Want to work in film and on TV as well as stage? In this marvellously comprehensive and pro-active book, Emmy-award nominated casting director Nancy Bishop examines the most effective way to get the role you want. A large chunk of the book deals with marketing yourself so that you get invited to an audition in the first place. Bishop, who has worked with Jackie Chan and George Lucas, outlines examples of actor archetypes to play around with and gives simple recommendations for getting the best headshot to send to potential agents. She also suggests what you should and should not say on a show reel. Hundreds of questions are answered in this clearly laid-out guide: from whether an actor should go to university to what a manager really does. A great tricks-of-the-trade book.
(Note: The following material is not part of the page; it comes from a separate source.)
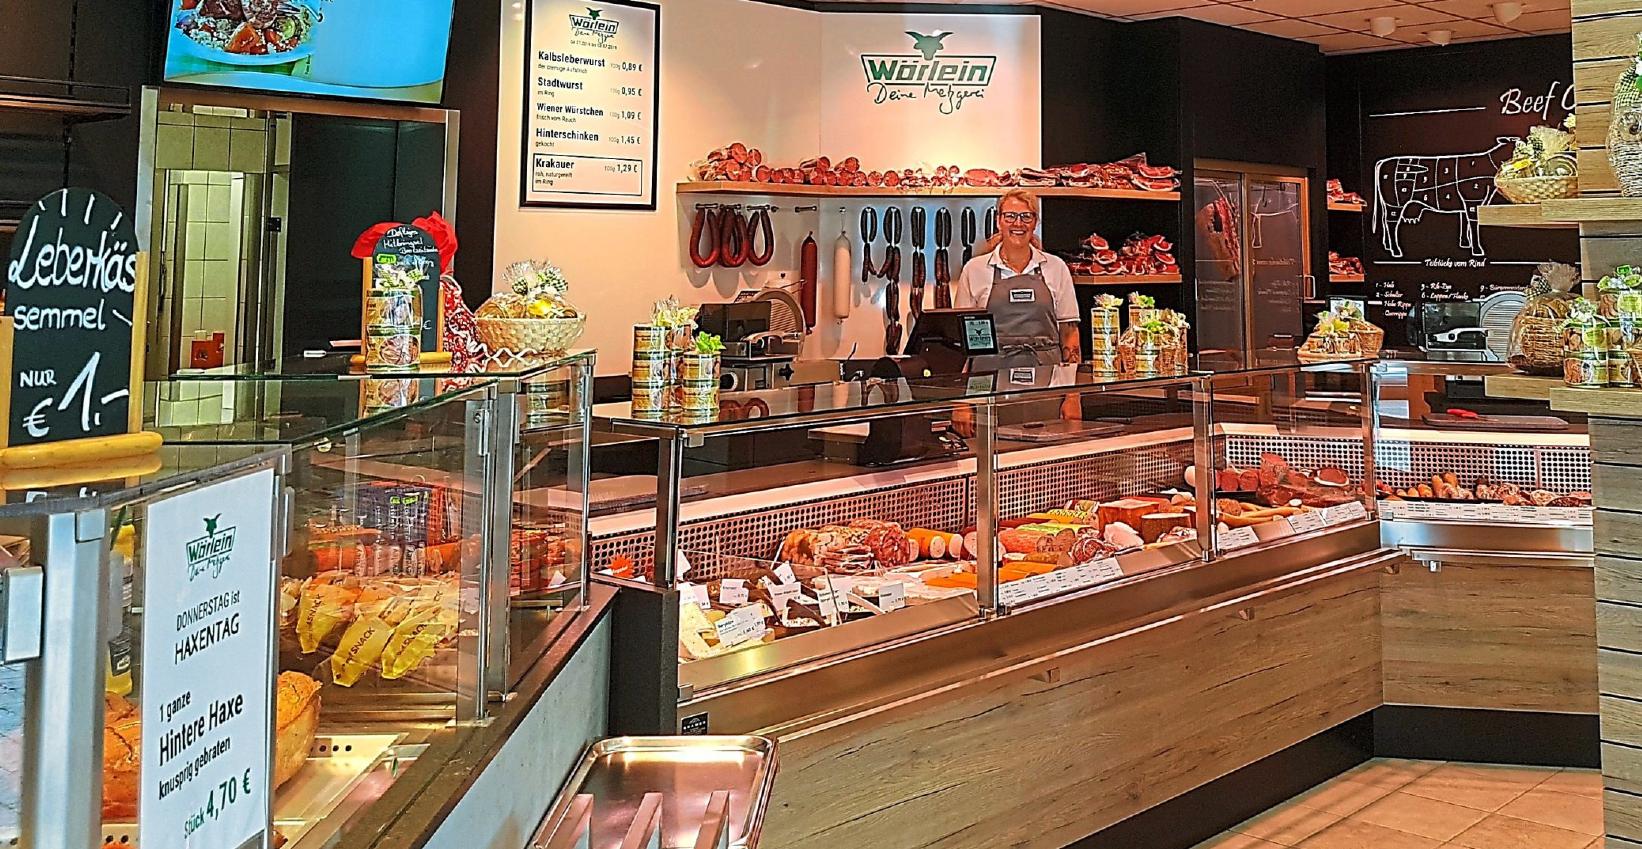 Alles neu: Nach einem Umbau begrüßt die Metzgerei Wörlein ihre Kunden in der Weißenburger Straße in Eichstätt in neuen Räumlichkeiten. Das schmackhafte Mittagessen oder eine Brotzeit können die Kunden im geräumigen Sitzbereich genießen oder auch mitnehmen. Fotos: Bauer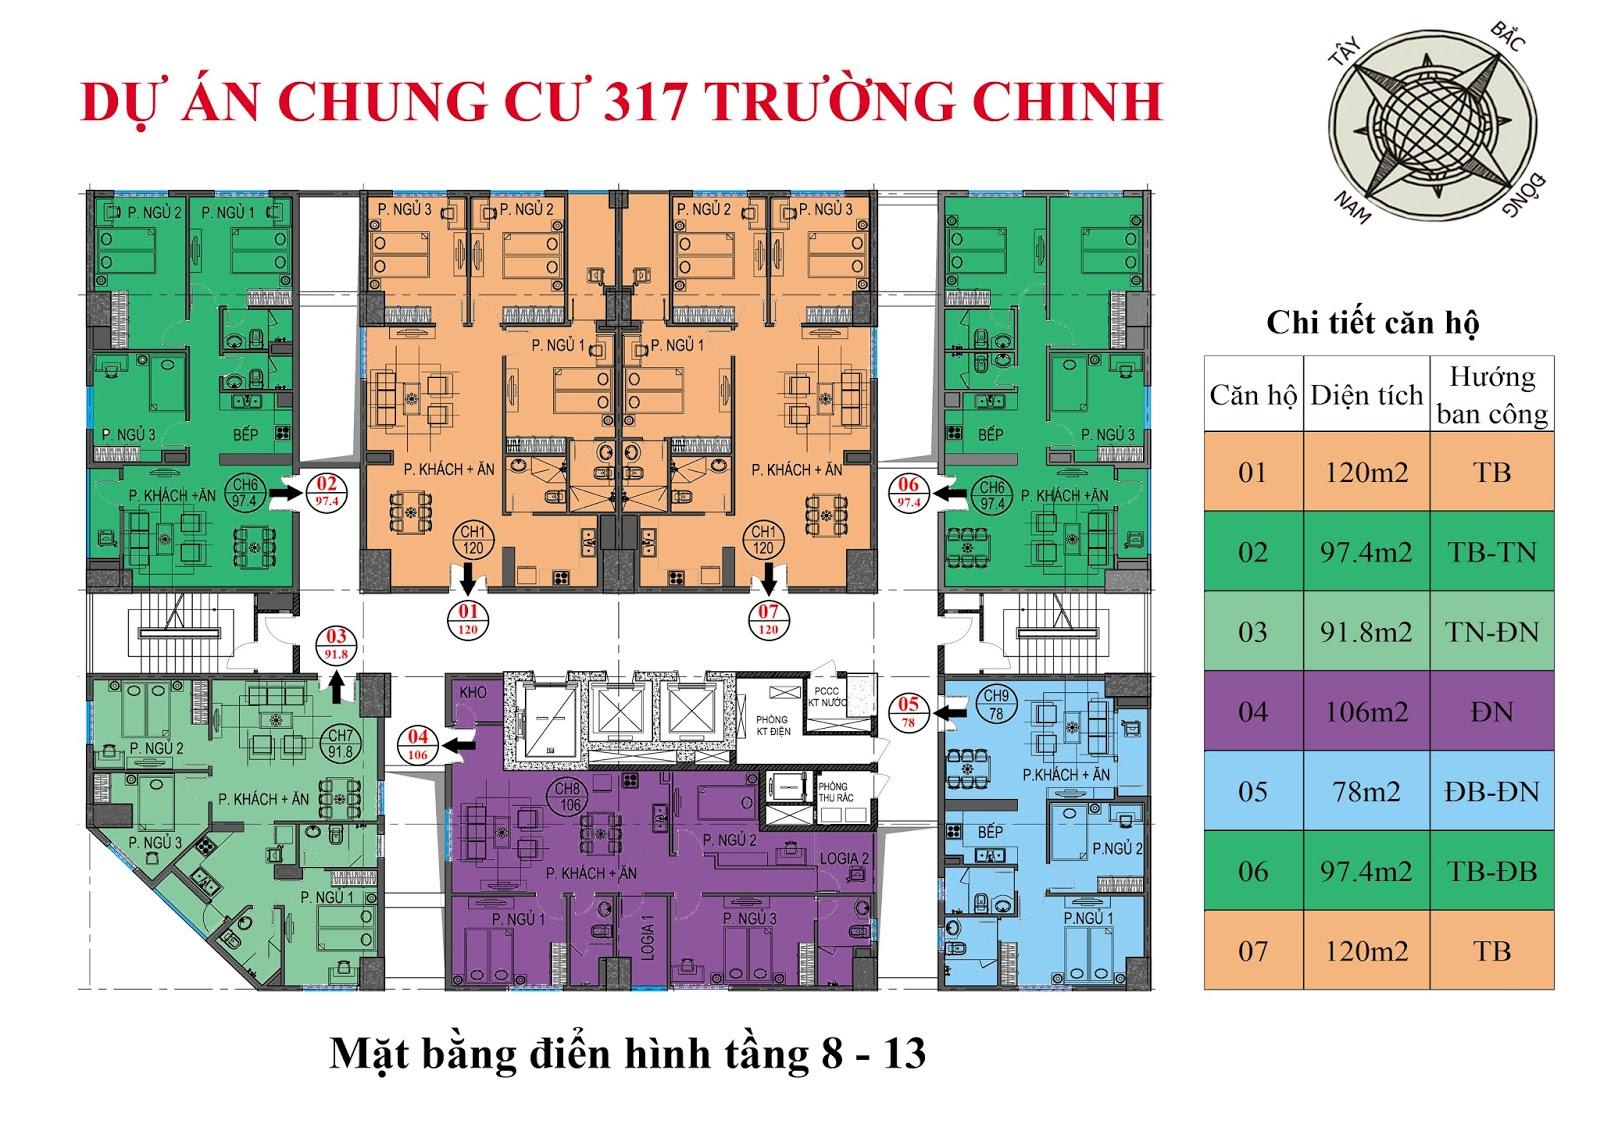 mat-bang-tang-8-13-chung-cu-317-truong-chinh

Theatremonkey: A Guide to London’s West End

Red Squirrel, £9.99

What if seating plans were colour coded not according to price, but according to how good or bad the seats actually were? Would all the seats be confirmed as value for money? Would you compromise an obstructed view for the sake of an extra pound? Could you save a whole heap more by going for a cheaper seat without sacrificing legroom? This catalogue-like guide to more than 50 London theatres consists of seating plans accompanied by helpfully detailed notes about the quality of the seats. At last, no more neck ache from looking up at the stage. No more eyestrain from staring through a pillar. No more stiff legs from being cramped. Based on the popular and independent Theatremonkey.com website, Steve Rich, its creator, has aggregated readers’ comments and checked out all you need to know to take the stress out of booking. He can’t guarantee what the performance will be like, but you’re guaranteed to find this guide, due out on 2 November, indispensable.